Is there a scientific relationship between the price of booze and its consumption? I ask because during a radio discussion on the Scottish Government's proposals to introduce a minimum price for booze, an expert insisted there was.
This intrigued me, as I thought the picture was far more mixed than he was admitting. Certainly there is some support for his view, such as this one which highlights that there is indeed a reduction of consumption when the price goes up.
But that only relates to overall consumption. This study suggests that increasing the price of booze will have little impact on binge drinking. This one, meanwhile, suggests there is a gender difference between men and women, with men being far less affected by price changes in terms of their binge drinking than women are, although for both the demand for booze is relatively inelastic. It should be noted that the study is of college students only.
Let us assume that all three studies are accurate. What conclusions can we draw? Well, the most obvious one has to be that raising the price of booze will reduce overall consumption of alcohol - but mainly for moderate drinkers and women. Male binge drinkers are less likely to respond to price signals.
Indeed, the evidence that price does little to affect binge drinking is quite significant. As the ever-reliable Wikipedia notes, there is a tradition of binge drinking in Scandinavian countries, despite the historically high prices and restricted availability of alcohol. In southern Europe, by contrast, binge drinking is much less common, despite the relative cheapness of alcohol.

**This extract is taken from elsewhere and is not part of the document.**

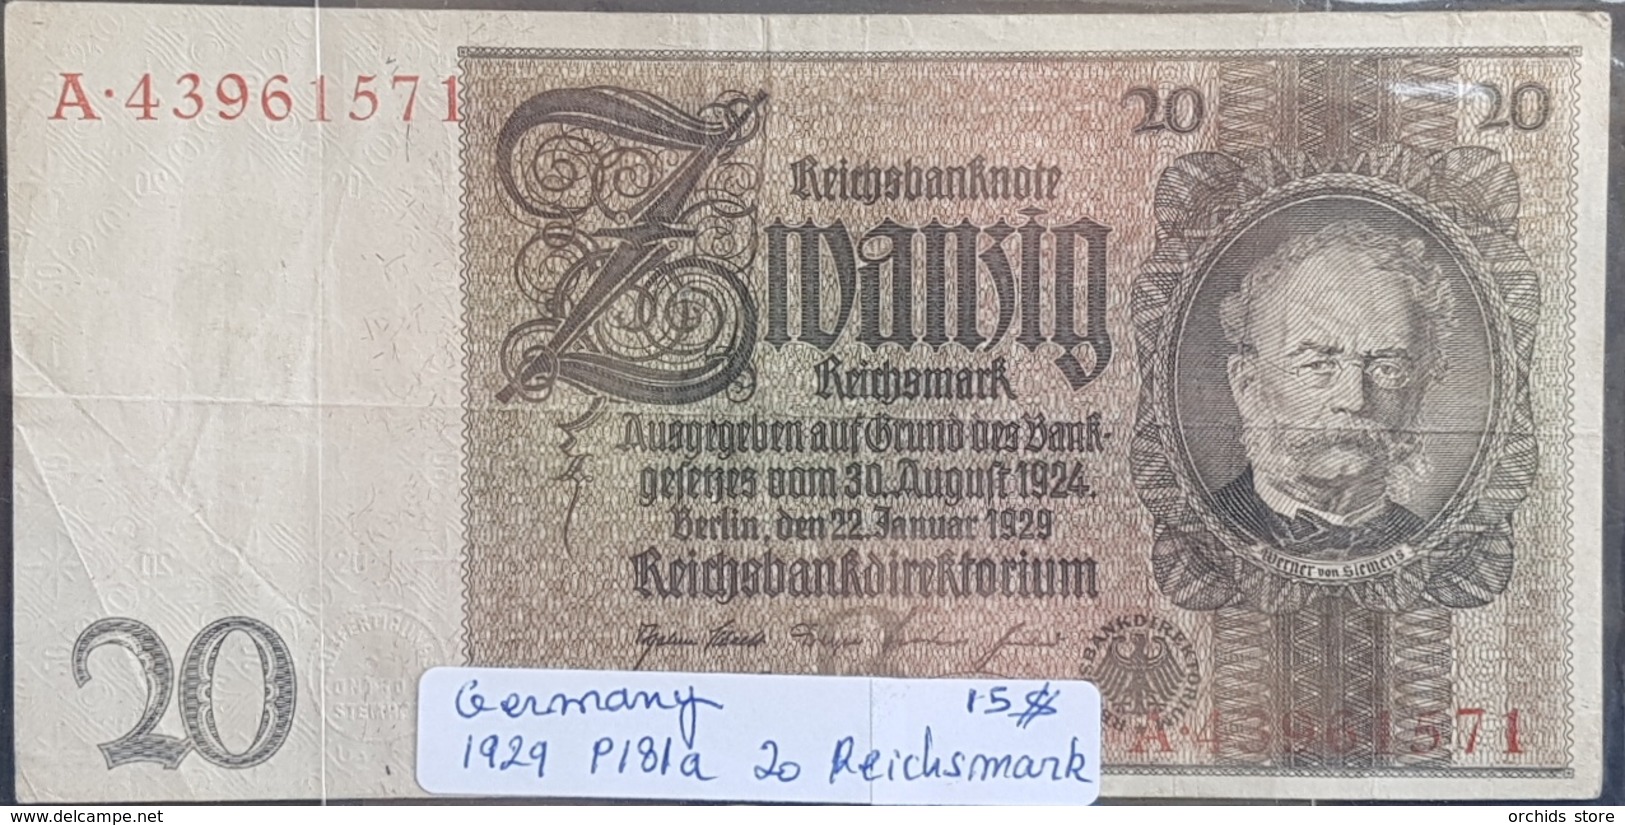 EBN1 - Germany 1929 Banknote 20 Reichsmark Pick #181a A.43961571 - 20 Mark

That's why today's proposals from the Scottish Government are largely irrelevant to the issue of tackling Scotland's drinking culture. Yes, the introduction of minimum prices will certainly have an effect on consumption, but only at the margins. And it's unlikely to do anything to tackle the uncomfortable fact that too many people in our society drink to get drunk. Until people learn how to drink responsibly, laws on booze are not going to make much difference. And we are currently a long, long way from that.